The Flume structure and source code analysis
In learning the Flume source recently, so I want to write a Flume source study notes for learning need friends reference.
1, the Flume is introduced
The Flume is cloudera company open source of a distributed, a large number of log data collection, aggregation, and reliably and moved to the storage;Through the transaction mechanism provides reliable message transmission support, built-in load balancing mechanism to support scale;For the use of direct and provides some default components.
The Flume is common application scenarios: log - > the Flume - > real-time calculation (such as Kafka + Storm), log - > the Flume - > offline calculation (such as the HDFS, HBase), log - > the Flume - > ElasticSearch.
2, overall architecture,
The Flume is mainly divided into three components: the Source, Channel, Sink;The data flow as shown in the figure below:
1, the Source is responsible for the log into, such as from the file, network, such as Kafka data into the data, there are two kinds of data into the way of training in rotation pull and event-driven;
2, the Channel is responsible for data aggregation/staging, such as temporary to memory, local files, database, Kafka, etc., the log data is not in the pipeline for a long time, will soon be Sink consumed;
3, Sink is responsible for the data transfer to the storage, such as the log from the Channel after storage directly to the HDFS, HBase, Kafka, ElasticSearch, etc., and then like Hadoop, Storm, or query data analysis such as ElasticSearch.
An Agent will be at the same time, there are the three components, the Source and Sink are executed asynchronously, do not affect each other.
Suppose that we have collected and index Nginx access log, we can deploy as follows:
1, Agent and Web Server is deployed on the same machine;
2, the Source using ExecSource and use the tail command log;
3, the Channel using MemoryChannel because log data lost points also nothing major problems;
4, Sink using ElasticSearchSink written to ElasticSearch, here you can configure multiple ElasticSearch server IP: PORT list to enhance processing capacity.
Introduces how log flow above, for complex log collection, we need to Source log filtering, wrote more than one Channel, to defeat the Sink/load balance processing, such as the Flume are provided by default support:
1, the log will be introduced to the Source collection ChannelProcessor component, the first through the Interceptor log filter, if exposed to the Servlet the concept is similar, you can refer to theServlet3.1 translation - filters";Filter can filter out logs, can also modify the log content;
2, filtering, next to the ChannelSelector processing, after the completion of the default provides two selector: copy or multiplex selector;Copy or copy a log to the multiple Channel;And multiplexing can according to the configuration of the selector conditions, the eligible routed to the appropriate Channel;There may be exist when writing multiple Channel failed, to deal with the failure of two kinds: try again later or ignored.Retry generally adopts the exponential time to try again.

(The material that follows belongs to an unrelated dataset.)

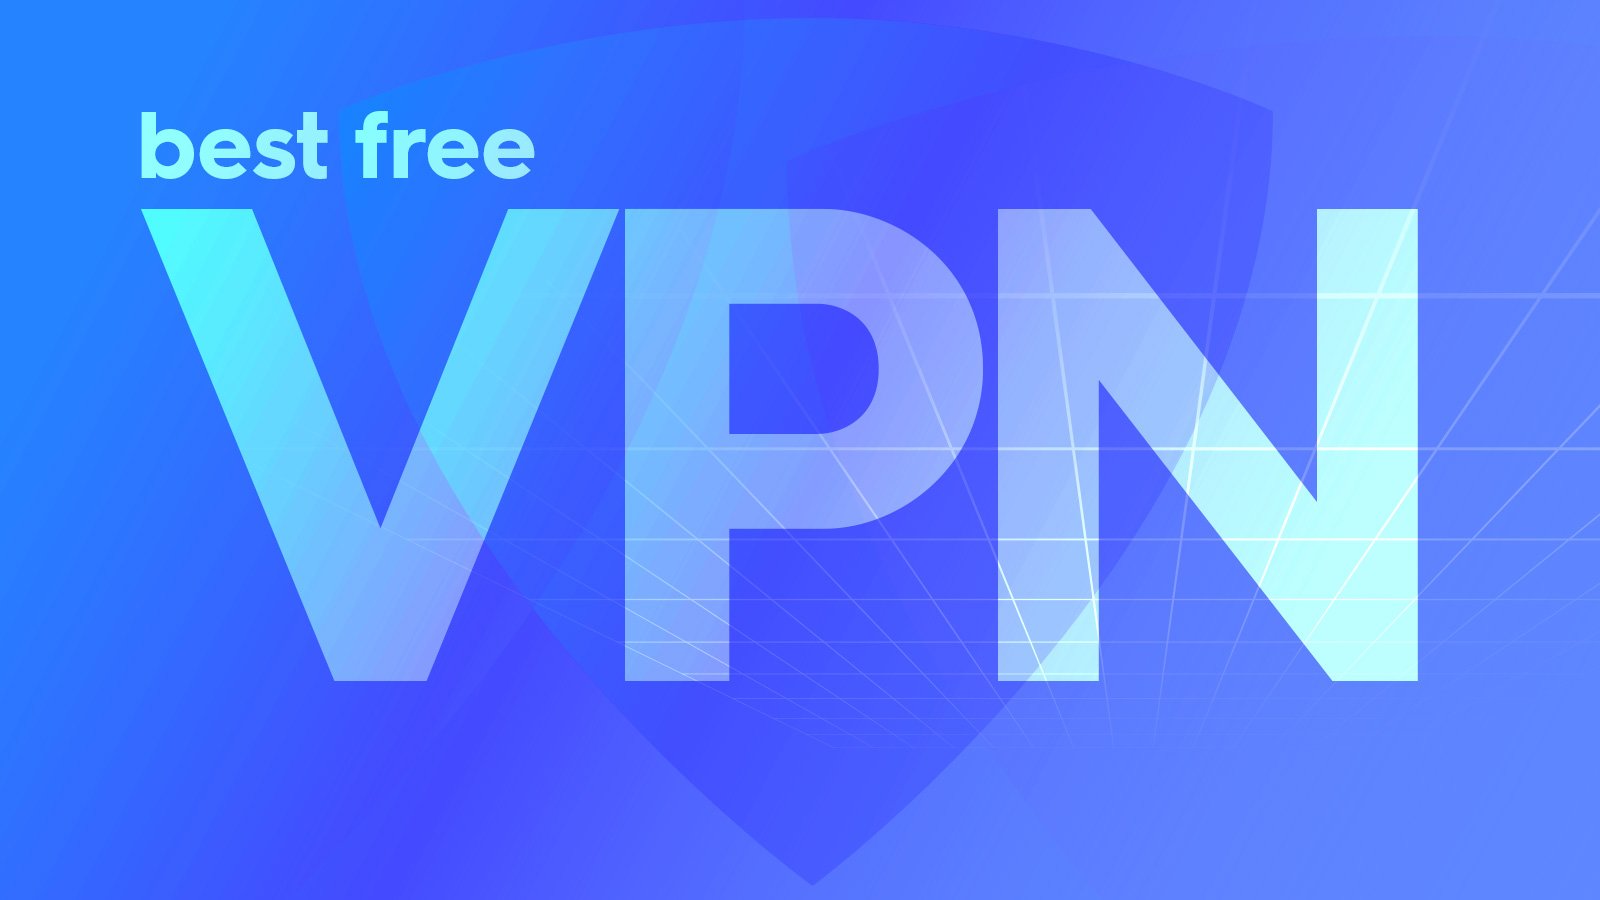 8 Best (REALLY FREE) VPNs in 2021 - Safe, Fast, and Unlimited

We give Channel, said the Source production log before Sink from log Channel consumption;Both of it is asynchronous, so the Sink you just need to monitor their relationship Channel change.
Here we can to filter/modify Source journal, make a copy of a message/routing to multiple Channel, in the case of Sink should exist to write fail, Flume default provides the following strategies:
The default policy is a Sink, failed, the transaction fails, try again later.

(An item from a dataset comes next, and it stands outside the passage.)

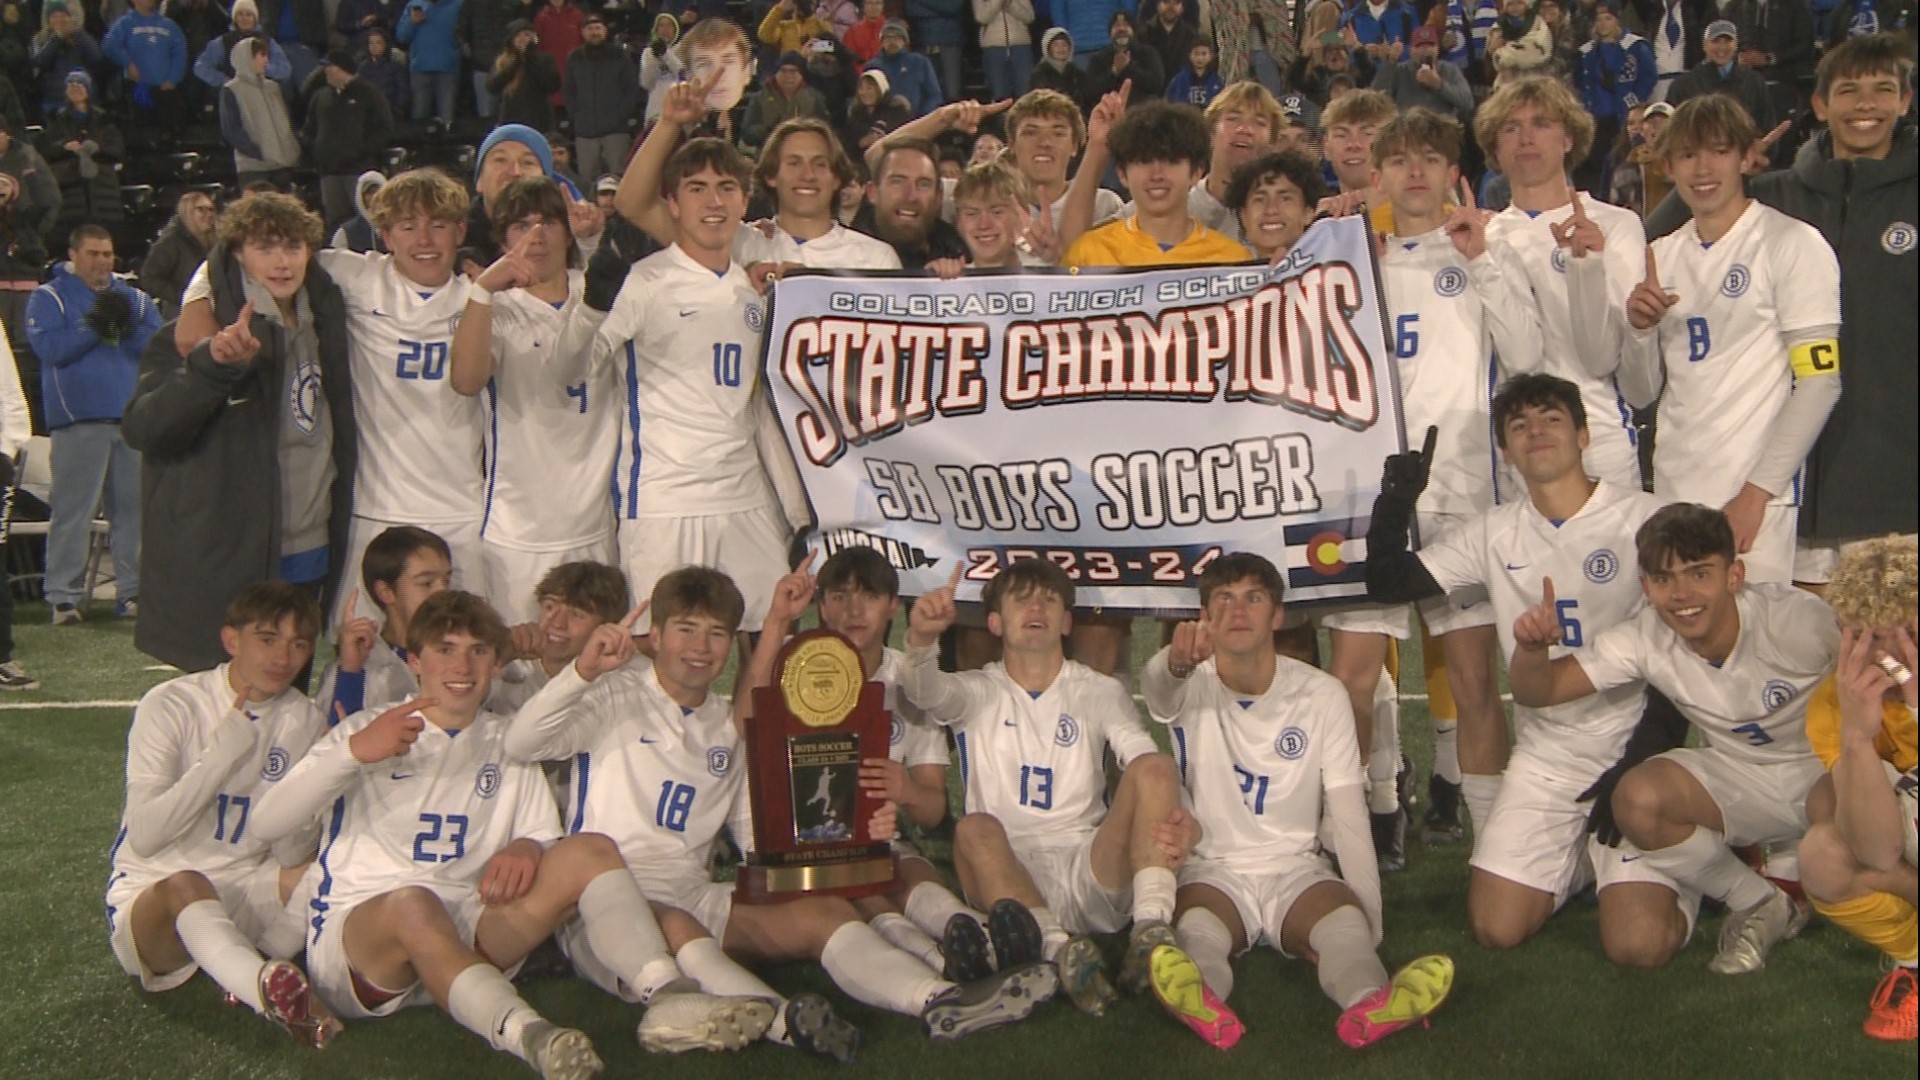 The Eagles defeated the defending champion Angels on penalty kicks to capture the Class 5A state crown.

The Flume also provides failover strategies:
Failover strategy is to define the priorities for a multiple Sink, assuming that one failed, the routing to the next priority Sink;Sink just throw an exception is seen as a failure, is removed from the live Sink, exponential time then waits for a retry, default is waiting for thestart of the 1 s retry, maximum wait for retry time is 30 s.

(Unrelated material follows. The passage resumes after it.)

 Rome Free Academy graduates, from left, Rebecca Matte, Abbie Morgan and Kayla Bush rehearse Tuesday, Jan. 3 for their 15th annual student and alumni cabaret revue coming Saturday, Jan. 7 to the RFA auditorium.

The Flume also provides load balancing strategy:
The default load balancing algorithm provides two: training in rotation and random.Through the abstract of a sort of ChannelSelector SinkSelector selection, compensation mechanism and algorithm of Failover similar failure, but failure is off by default compensation, need to configure the backoff parameter to true.
Involved in the Flume were introduced up some core components, how the Source and Sink asynchronous, transaction mechanism provided by the Channel, etc. We speak when we follow-up analysis components.
Suppose that we need to collect a lot of client log and they are some buffer or centralized processing, can deploy a polymer layer, overall architecture is similar to the following:
1, the first is the log collection layer, the layer of the Agent and the application deployed on the same machine, is responsible for collecting such as Nginx access log;Then through RPC will log into collecting/polymer layer;In this layer should be fast acquisition to the log and then into the collection/polymer layer;
2, collect/polymer layer logging collecting or aggregation, and can undertake fault-tolerant processing, such as failover or load balancing, to enhance the reliability;Also can be in the Channel, the layer to open file do data buffer;
3, collect/polymer layer to filter or modify the data and then for storage or processing;Such as storage to the HDFS, or into the Kafka and then through the Storm of real-time data processing.
To this from the core components of the Flume to general deployment architecture we overview, and involves some implementation details in the next section are introduced in details.